> Saved data entries
'''

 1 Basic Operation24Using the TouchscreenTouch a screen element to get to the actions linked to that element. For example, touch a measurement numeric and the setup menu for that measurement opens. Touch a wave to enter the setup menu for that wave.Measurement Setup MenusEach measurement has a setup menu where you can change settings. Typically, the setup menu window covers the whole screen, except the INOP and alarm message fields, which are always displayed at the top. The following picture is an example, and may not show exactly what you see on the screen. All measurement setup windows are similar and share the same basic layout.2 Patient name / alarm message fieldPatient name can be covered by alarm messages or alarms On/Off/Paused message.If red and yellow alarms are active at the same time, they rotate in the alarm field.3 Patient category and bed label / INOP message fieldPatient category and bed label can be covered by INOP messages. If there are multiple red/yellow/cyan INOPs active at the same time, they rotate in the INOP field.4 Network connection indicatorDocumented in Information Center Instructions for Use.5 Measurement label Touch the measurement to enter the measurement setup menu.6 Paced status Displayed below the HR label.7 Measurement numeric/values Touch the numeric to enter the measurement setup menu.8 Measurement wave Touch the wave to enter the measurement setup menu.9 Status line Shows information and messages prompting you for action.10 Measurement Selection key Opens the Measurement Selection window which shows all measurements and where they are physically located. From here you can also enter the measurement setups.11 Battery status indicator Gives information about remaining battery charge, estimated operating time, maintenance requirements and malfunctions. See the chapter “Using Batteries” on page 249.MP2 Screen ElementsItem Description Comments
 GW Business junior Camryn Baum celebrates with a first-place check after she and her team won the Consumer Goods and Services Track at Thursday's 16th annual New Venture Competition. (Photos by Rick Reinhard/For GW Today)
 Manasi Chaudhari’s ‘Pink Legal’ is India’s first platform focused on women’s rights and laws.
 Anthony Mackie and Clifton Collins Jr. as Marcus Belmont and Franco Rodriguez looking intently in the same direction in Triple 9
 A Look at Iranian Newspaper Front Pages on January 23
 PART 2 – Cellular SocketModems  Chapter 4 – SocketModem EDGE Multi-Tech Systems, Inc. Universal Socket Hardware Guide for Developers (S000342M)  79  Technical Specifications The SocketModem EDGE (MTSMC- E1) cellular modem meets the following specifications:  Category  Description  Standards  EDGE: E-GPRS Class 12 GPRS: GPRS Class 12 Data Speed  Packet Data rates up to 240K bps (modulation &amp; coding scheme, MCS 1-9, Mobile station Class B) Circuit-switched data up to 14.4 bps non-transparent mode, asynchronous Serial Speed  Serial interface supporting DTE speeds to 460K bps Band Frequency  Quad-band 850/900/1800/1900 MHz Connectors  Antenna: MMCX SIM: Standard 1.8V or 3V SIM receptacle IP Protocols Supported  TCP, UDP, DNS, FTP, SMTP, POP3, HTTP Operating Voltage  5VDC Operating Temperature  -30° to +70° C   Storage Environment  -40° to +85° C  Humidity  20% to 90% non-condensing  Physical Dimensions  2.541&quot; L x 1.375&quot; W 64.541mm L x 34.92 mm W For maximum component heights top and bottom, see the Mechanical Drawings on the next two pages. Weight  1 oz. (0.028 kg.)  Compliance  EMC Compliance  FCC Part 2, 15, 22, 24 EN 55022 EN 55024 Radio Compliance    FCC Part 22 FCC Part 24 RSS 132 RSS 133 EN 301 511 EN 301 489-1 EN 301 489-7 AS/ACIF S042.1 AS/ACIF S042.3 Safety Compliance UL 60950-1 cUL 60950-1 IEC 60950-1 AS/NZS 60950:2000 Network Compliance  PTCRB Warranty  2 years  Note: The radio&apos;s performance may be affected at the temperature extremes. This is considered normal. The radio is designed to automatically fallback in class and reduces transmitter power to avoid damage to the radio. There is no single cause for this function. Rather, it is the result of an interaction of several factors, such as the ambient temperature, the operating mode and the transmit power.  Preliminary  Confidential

'''

> Your goal
Above are the entries. Quote exactly the lines from the one bearing "GW Business junior" through the one bearing "Manasi Chaudhari’s ‘Pink".

> Result
 GW Business junior Camryn Baum celebrates with a first-place check after she and her team won the Consumer Goods and Services Track at Thursday's 16th annual New Venture Competition. (Photos by Rick Reinhard/For GW Today)
 Manasi Chaudhari’s ‘Pink Legal’ is India’s first platform focused on women’s rights and laws.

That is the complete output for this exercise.